Reputation: 1273
I am retrieving big chunks of data from DB and using this data to write it somewhere else. In order to avoid a long processing time, I'm trying to use parallel streams to write it.
When I run this as sequential streams, it works perfectly. However, if I change it to parallel, the behavior is odd: it prints the same object multiple times (more than 10).
@PostConstruct
public void retrieveAllTypeRecords() throws SQLException {
logger.info("Retrieve batch of Type records.");
try {
Stream<TypeRecord> typeQueryAsStream = jdbcStream.getTypeQueryAsStream();
typeQueryAsStream.forEach((type) -> {
logger.info("Printing Type with field1: {} and field2: {}.", type.getField1(), type.getField2()); //the same object gets printed here multiple times
//write this object somewhere else
});
logger.info("Completed full retrieval of Type data.");
} catch (Exception e) {
logger.error("error: " + e);
}
}
public Stream<TypeRecord> getTypeQueryAsStream() throws SQLException {
String sql = typeRepository.getQueryAllTypesRecords(); //retrieves SQL query in String format
TypeMapper typeMapper = new TypeMapper();
JdbcStream.StreamableQuery query = jdbcStream.streamableQuery(sql);
Stream<TypeRecord> stream = query.stream()
.map(row -> {
return typeMapper.mapRow(row); //maps columns values to object values
});
return stream;
}
public class StreamableQuery implements Closeable {
(...)
public Stream<SqlRow> stream() throws SQLException {
final SqlRowSet rowSet = new ResultSetWrappingSqlRowSet(preparedStatement.executeQuery());
final SqlRow sqlRow = new SqlRowAdapter(rowSet);
Supplier<Spliterator<SqlRow>> supplier = () -> Spliterators.spliteratorUnknownSize(new Iterator<SqlRow>() {
@Override
public boolean hasNext() {
return !rowSet.isLast();
}
@Override
public SqlRow next() {
if (!rowSet.next()) {
throw new NoSuchElementException();
}
return sqlRow;
}
}, Spliterator.CONCURRENT);
return StreamSupport.stream(supplier, Spliterator.CONCURRENT, true); //this boolean sets the stream as parallel
}
}
I've also tried using typeQueryAsStream.parallel().forEach((type)
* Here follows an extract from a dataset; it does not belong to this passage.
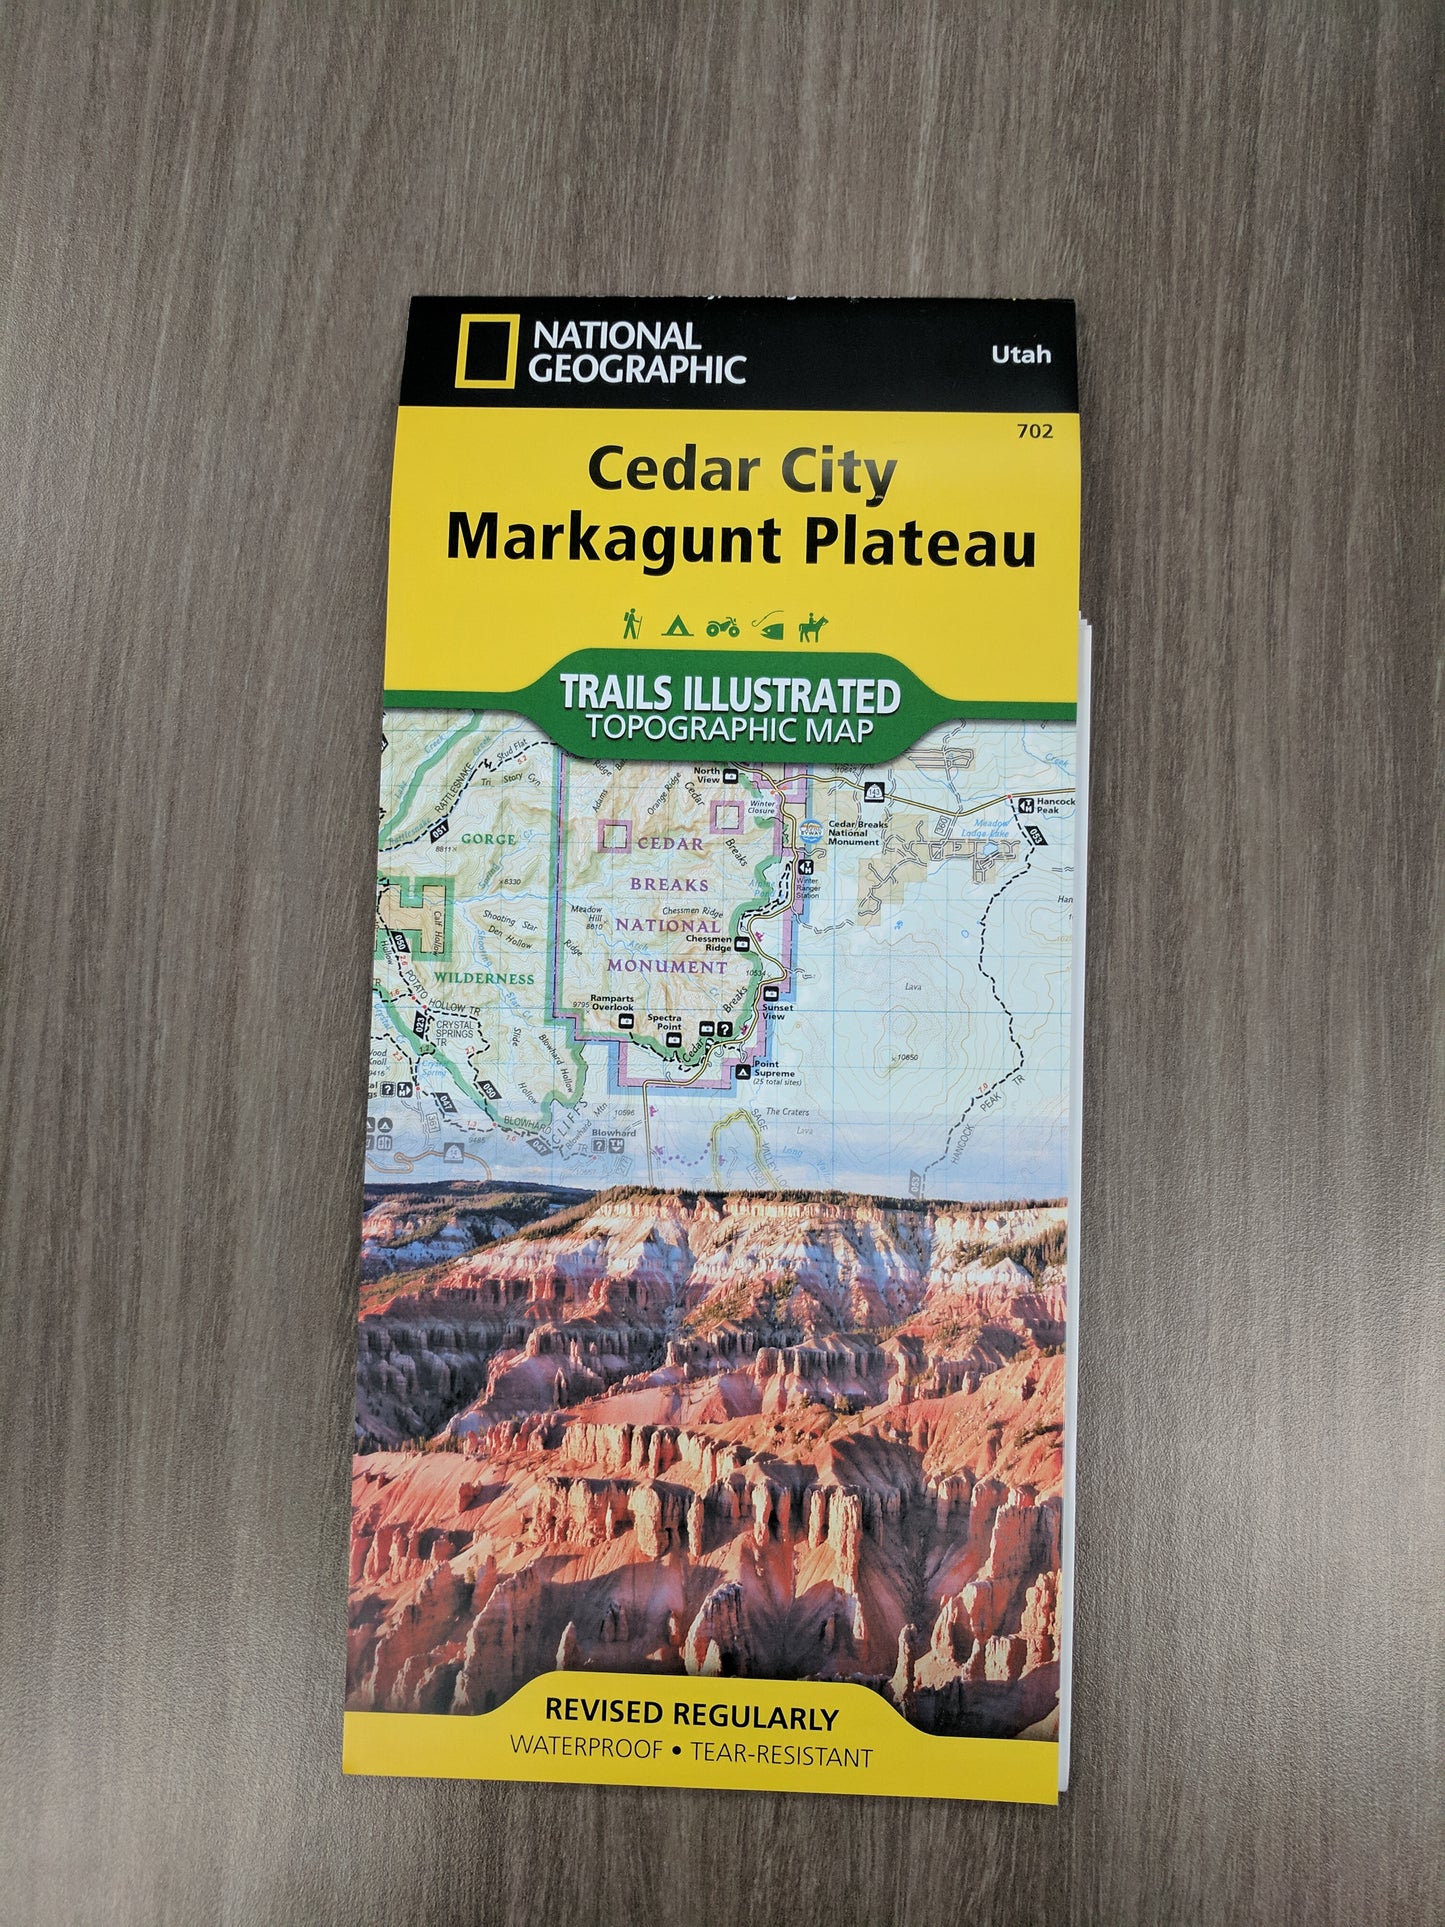 Cedar City Markagunt Plateau | Utah.com Merchandise

but the result is the same.
Example of output:
[ForkJoinPool.commonPool-worker-1] INFO TypeService - Saving Type with field1: L6797 and field2: P1433.
[ForkJoinPool.commonPool-worker-1] INFO TypeService - Saving Type with field1: L6797 and field2: P1433.
[main] INFO TypeService - Saving Type with field1: L6797 and field2: P1433.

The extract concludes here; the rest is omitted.